A prebuilt Docker image is available under ghcr.io/aicell-lab/bioengine-worker:latest (see all available versions to use a specific version).

To make use of the predefined settings, clone this Github repository and run docker compose up.

This assumes the following directories in the current working directory for mounting into the docker container:

  • .bioengine: A temporary directory for Ray (read and write)
  • data: A directory with datasets (available only as read-only)

A token for the Hypha workspace can either be added using the tag --token or provided in the .env file as HYPHA_TOKEN. Otherwise, you will be prompted to login when starting the worker.
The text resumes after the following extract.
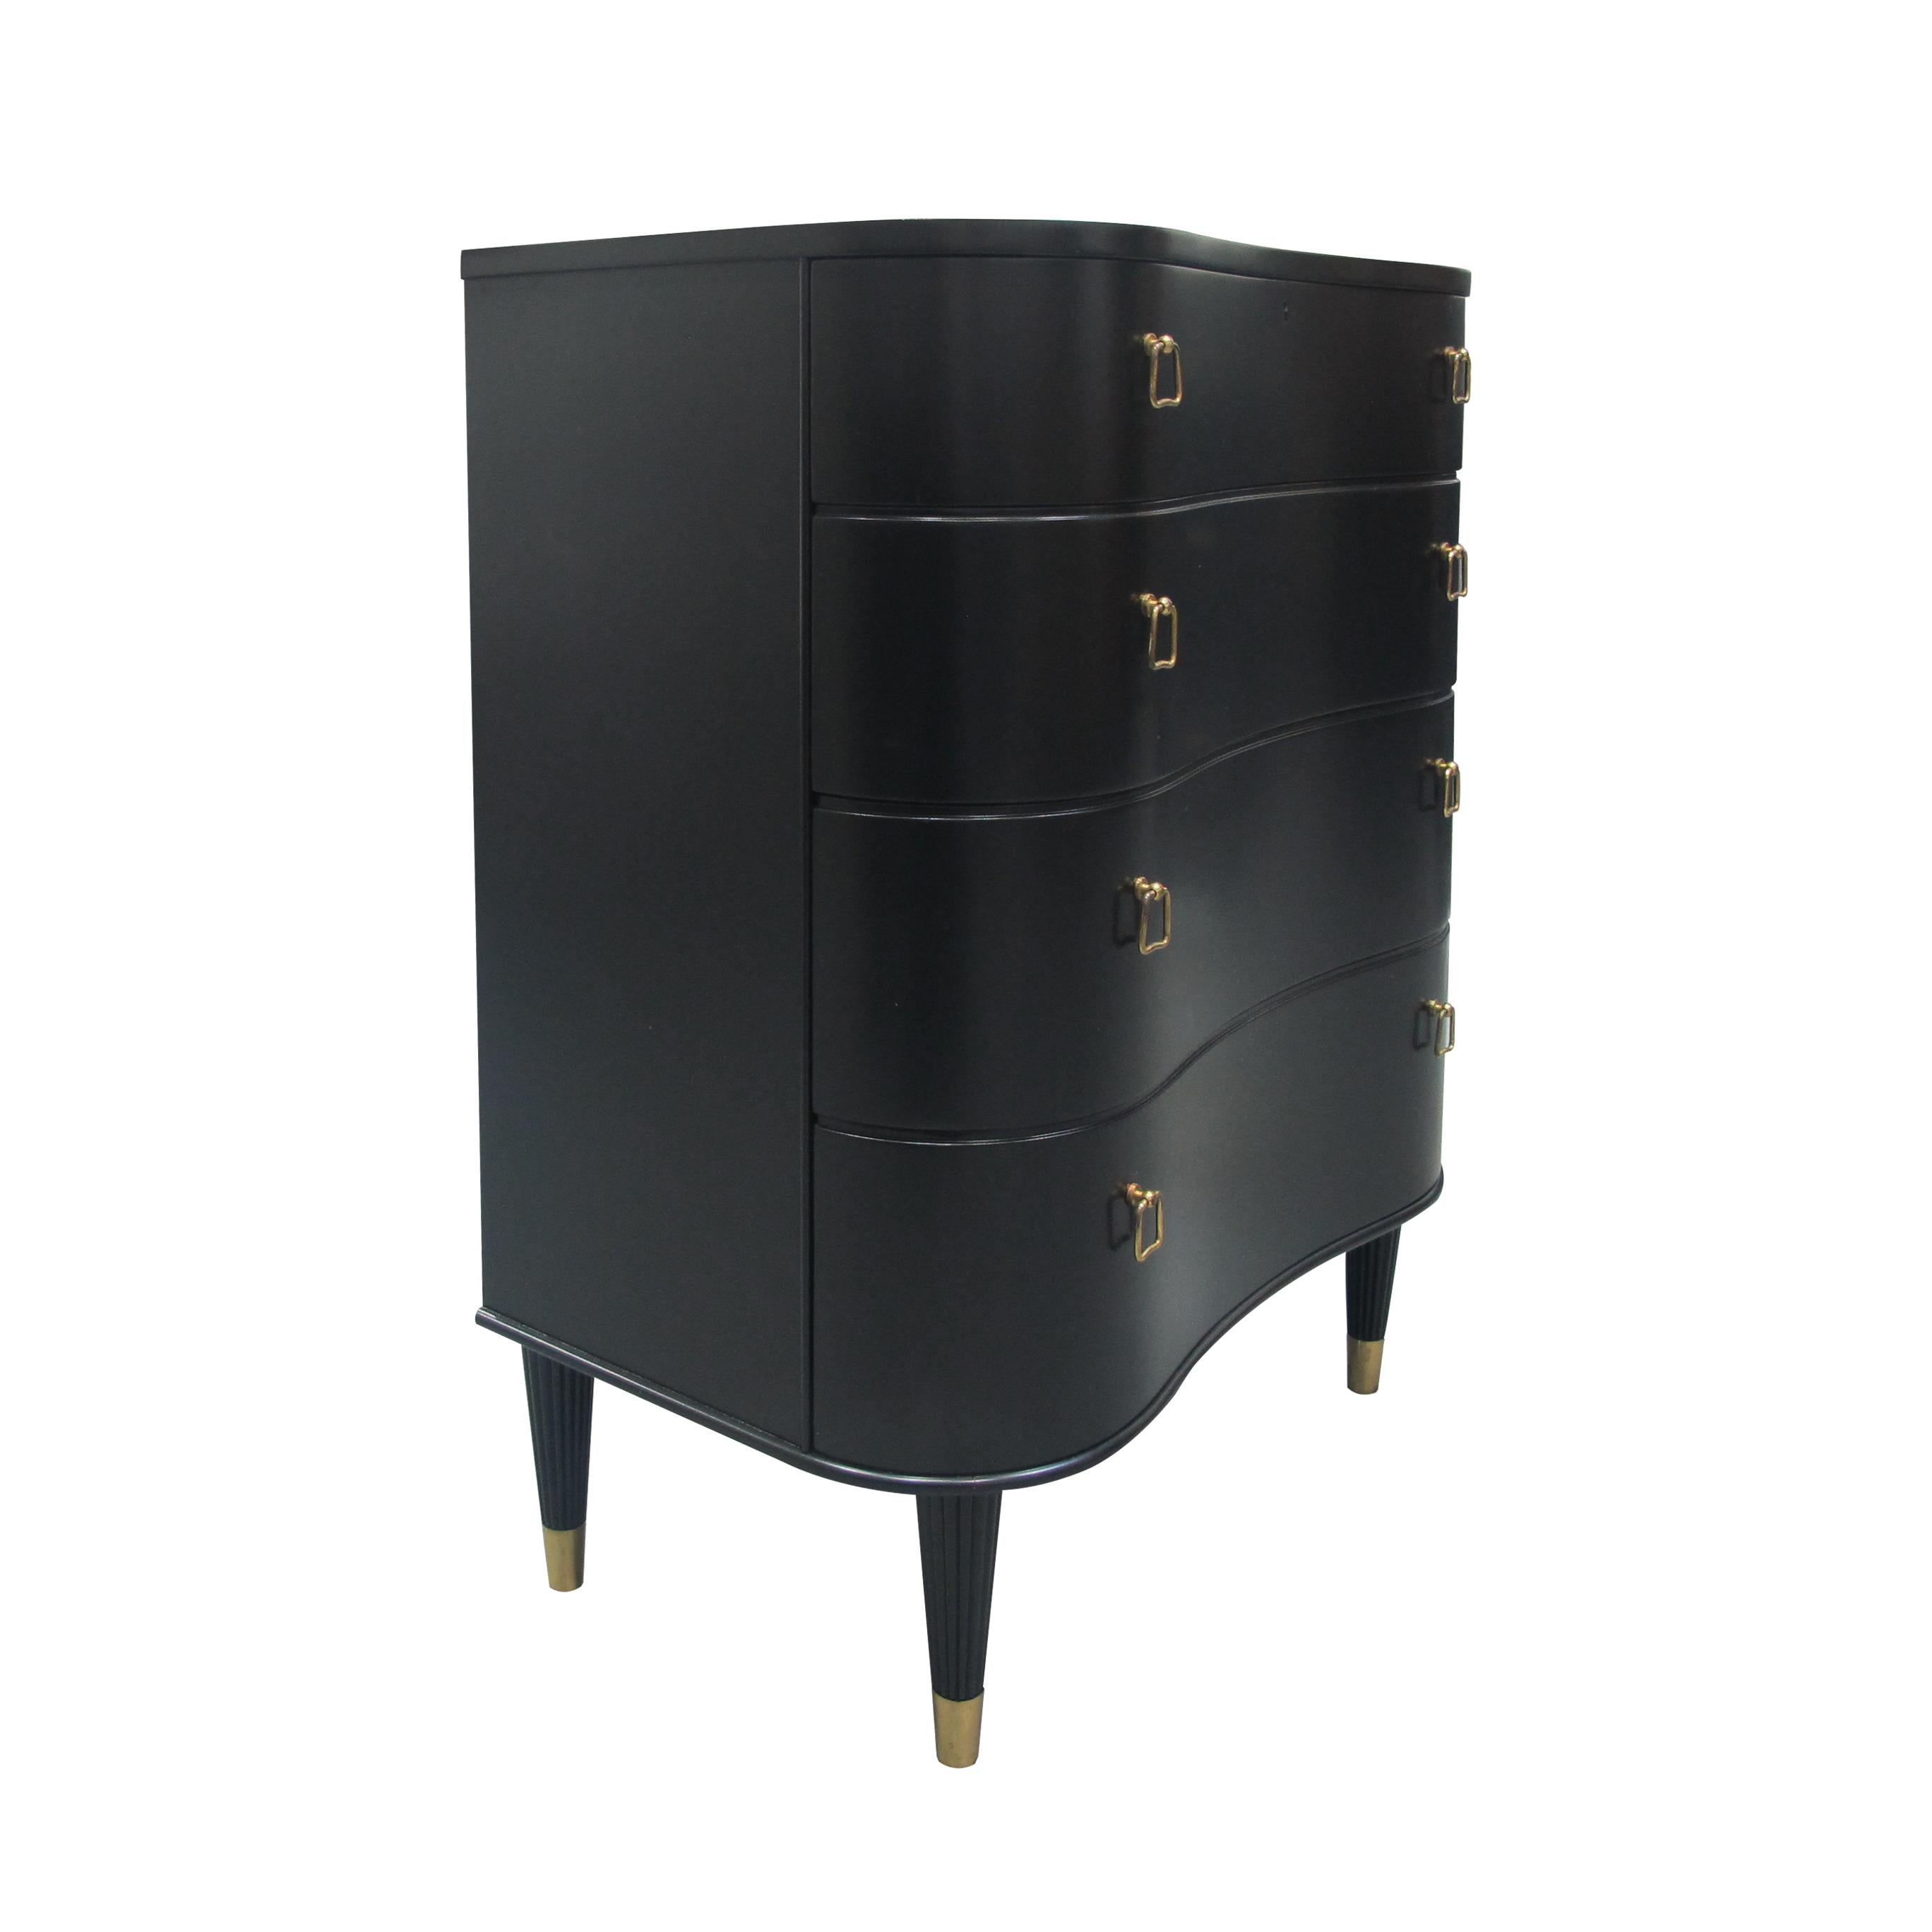 Mid-20th Century 1940s Swedish Curved Fronted Chest of Drawers with Four Drawers & Brass Handles

The default workspace can be changed using the tag --workspace.

By default, the BioEngine worker will start a local Ray cluster with the provided resources --head_num_gpus and --head_num_cpus. To connect to a running Ray cluster, change the tag --mode to "external-cluster".

An overview of all tags for the BioEngine worker can be accessed via:

docker run --rm ghcr.io/aicell-lab/bioengine-worker:latest python -m bioengine.worker --help

To run as your own user, the variables UID and GID are required. If not set, export them before running docker compose with export UID=$(id -u) and export GID=$(id -g) or add them to your .env file.

As a shortcut, you can also run:

UID=$(id -u) GID=$(id -g) docker compose up

Apptainer (for HPC)

The bash script start_hpc_worker.sh helps to start a BioEngine worker in Apptainer. Either clone this Github repository to run the script:

bash scripts/start_hpc_worker.sh

or access the script directly from Github like this:

bash <(curl -s https://raw.githubusercontent.com/aicell-lab/bioengine-worker/main/scripts/start_hpc_worker.sh)

An overview of all tags for the BioEngine worker can be accessed via:

bash scripts/start_hpc_worker.sh --help

The script will pull the latest BioEngine worker docker image and convert it into Singularity Image Format (SIF) using Apptainer. These Apptainer images will be saved to the directory ./images/.

To avoid interactive login to Hypha, pass the token with the tag --token or save it to HYPHA_TOKEN in the .env file in the root directory of the project. The script will automatically load the token from the .env file if it exists.

The directory .bioengine will be automatically created in the current working directory if the respective tag --cache_dir is not specified.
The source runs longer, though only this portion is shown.